Key Experimental Results

Main Results — Augmentation Performance Comparison

Training Data # Samples AIME25 AIME24 AMC MATH500 Avg
LIMO Baseline 817 44.50 56.30 91.41 93.80 71.50
LIMO + SAND-Math 817+500 48.89 57.92 92.50 94.00 73.32
LIMO + openr1_math 817+500 47.71 56.04 92.50 93.80 72.51
LIMO + MetamathQA 817+500 31.04 46.25 47.24 56.40 45.23
LIMO + OpenMathInstruct 817+500 18.13 38.96 64.53 72.40 48.50

SAND-Math outperforms the second-best synthetic dataset (MetamathQA) by 17.85pp on AIME25.
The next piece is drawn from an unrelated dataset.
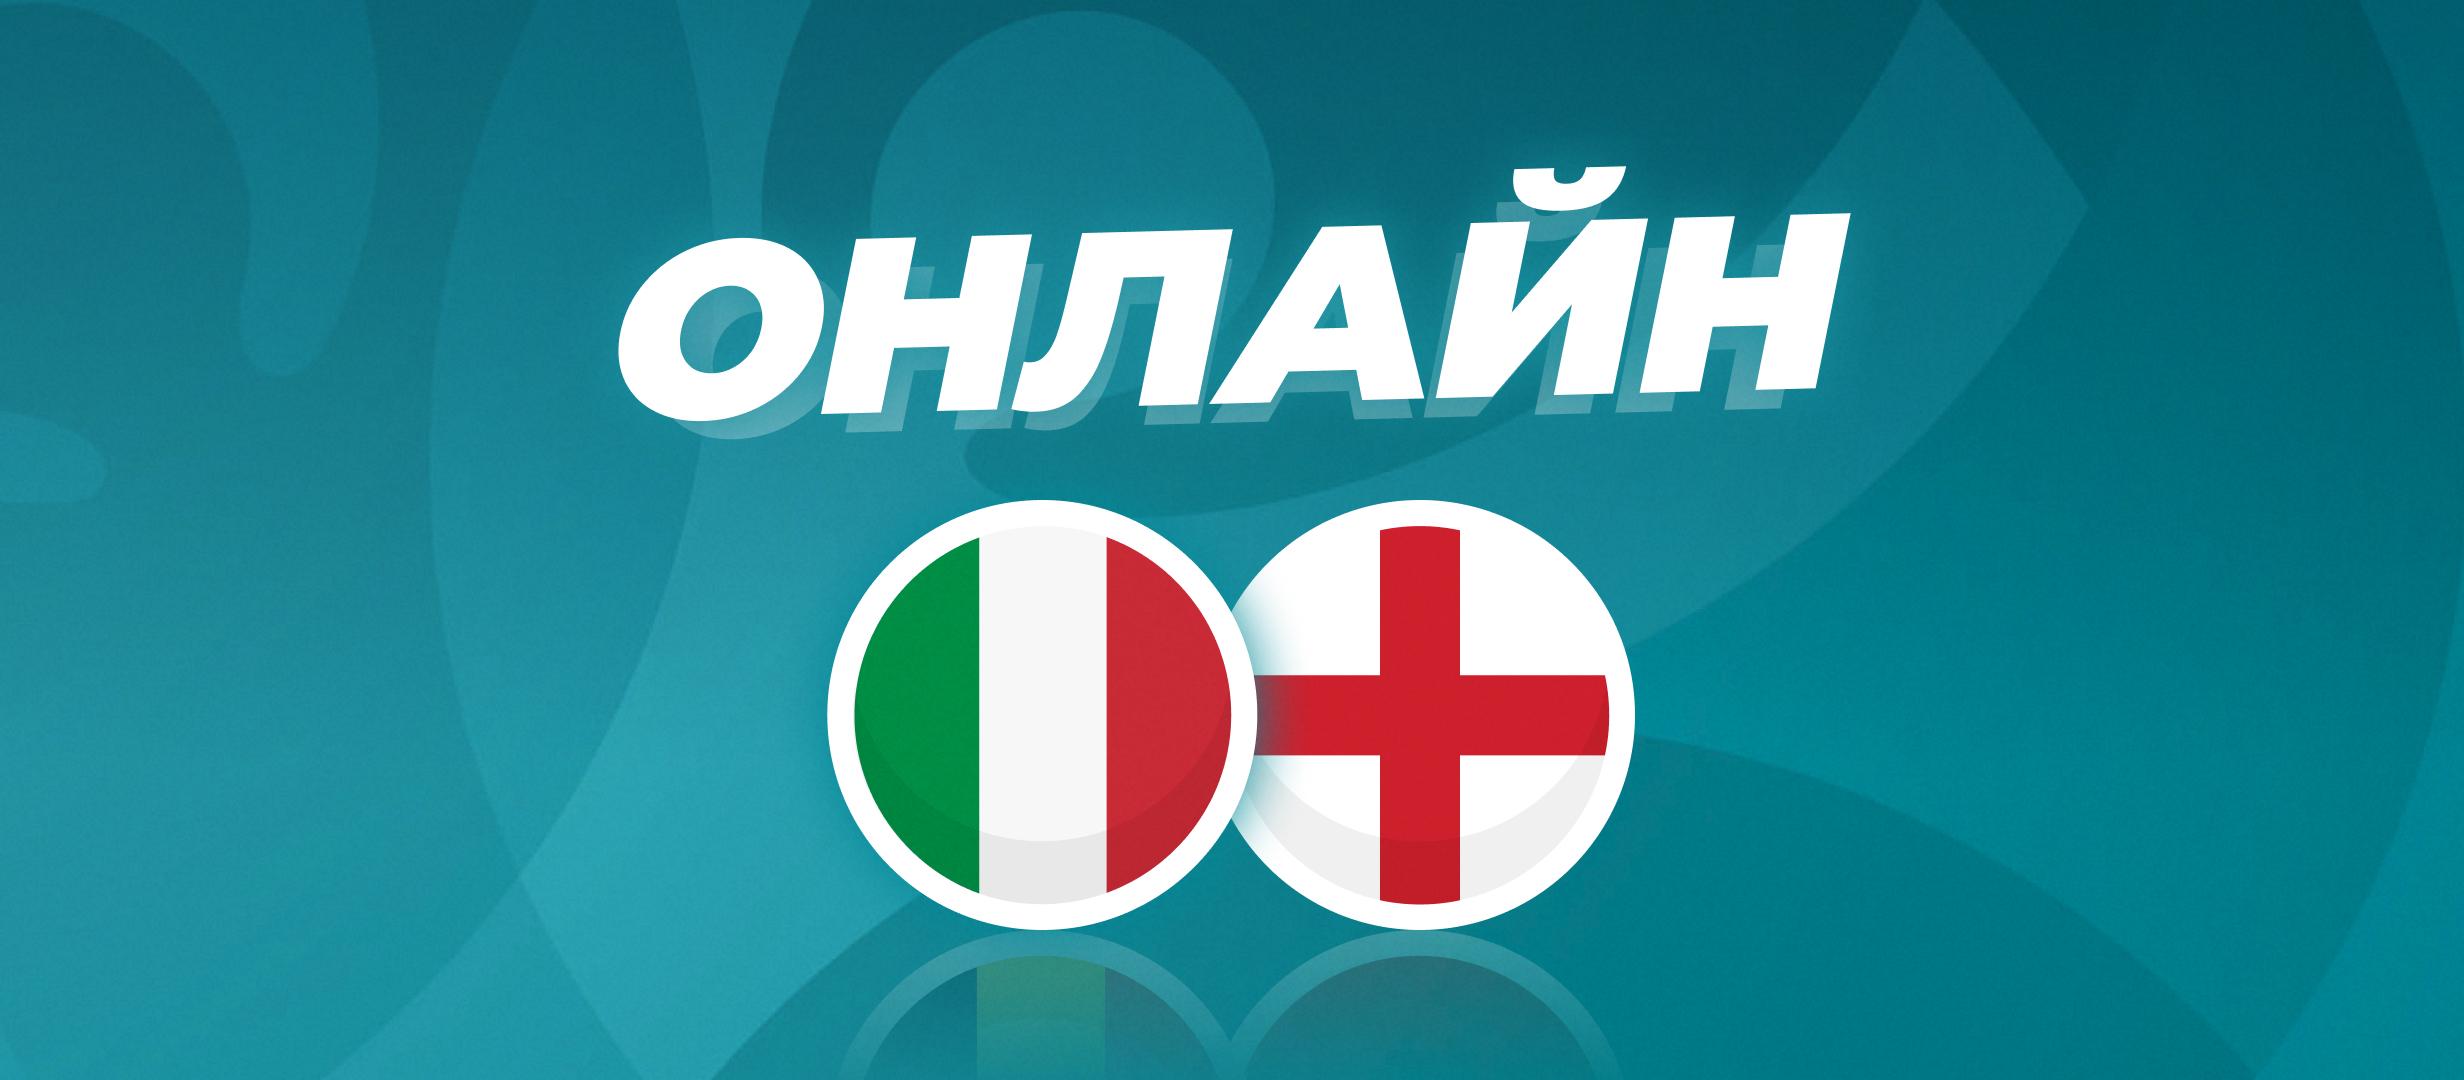 Италия — Англия: онлайн финала Евро-2020

Ablation Study — Effect of Difficulty Hiking

Dataset AIME25 AIME24 AMC24 MATH500 Avg
LIMO + Base (1500) 46.38 59.09 92.71 93.6 72.94
LIMO + DH (1500) 49.23 60.55 93.17 94.6 74.39
LIMO + DH_w_LF (1500) 49.23 60.83 93.28 93.0 74.08

Difficulty Hiking improves the average score from 72.94 → 74.39 (+1.45pp); longer reasoning chains also contribute positively.

Key Findings

  1. SAND-Math fine-tuned in isolation (69.10) already approaches the human-curated openr1_math (70.27).
  2. In the augmentation setting, SAND-Math outperforms all datasets (+0.81pp over openr1_math).
  3. Difficulty scores are concentrated in the 6–8 range, substantially higher than other synthetic datasets (3–5).
  4. The overall pipeline yield rate is ~35% (from 23K → 8.8K problems).

Highlights & Insights

  • No seed data required: Problems are generated entirely from scratch without relying on existing training sets such as GSM8K or MATH.
  • Elegant design of Difficulty Hiking: The approach leverages the metacognitive capacity of LLMs to systematically increase problem complexity through cross-domain concept fusion.
  • High sample efficiency: As few as 500 SAND-Math problems suffice to significantly augment a strong baseline.
  • Comprehensive quality assurance pipeline: Self-consistency → deduplication → decontamination → difficulty filtering → novelty filtering, with each step quantitatively validated.

Limitations & Future Work

  1. The ceiling on output quality is bounded by the teacher model's capacity (DeepSeek-R1 yields 41.9%; GPT-OSS 120B achieves 74.0%).
  2. Only 500 samples are used for proof-of-concept validation; large-scale post-training remains to be explored.
  3. Difficulty Hiking is demonstrated for only a single iteration; the effect of multiple iterations is unknown.
  4. The approach is limited to the mathematical domain; generalization to scientific or code reasoning tasks warrants further investigation.
  • LIMO (Ye et al., 2025): A "less is more" philosophy for reasoning data.
  • S1 (Muennighoff et al., 2025): Simple test-time scaling.
  • MetaMathQA (Yu et al., 2023): Bootstrapping math problems from seed data.
  • Insights: High quality outweighs large scale; metacognitive capabilities can be systematically exploited for data generation.

Rating

⭐⭐⭐⭐ (4/5) The method is concise and effective, and the Difficulty Hiking concept is novel. However, the experimental scale is limited (validated with only 500 samples), and the approach exhibits strong dependence on the teacher model.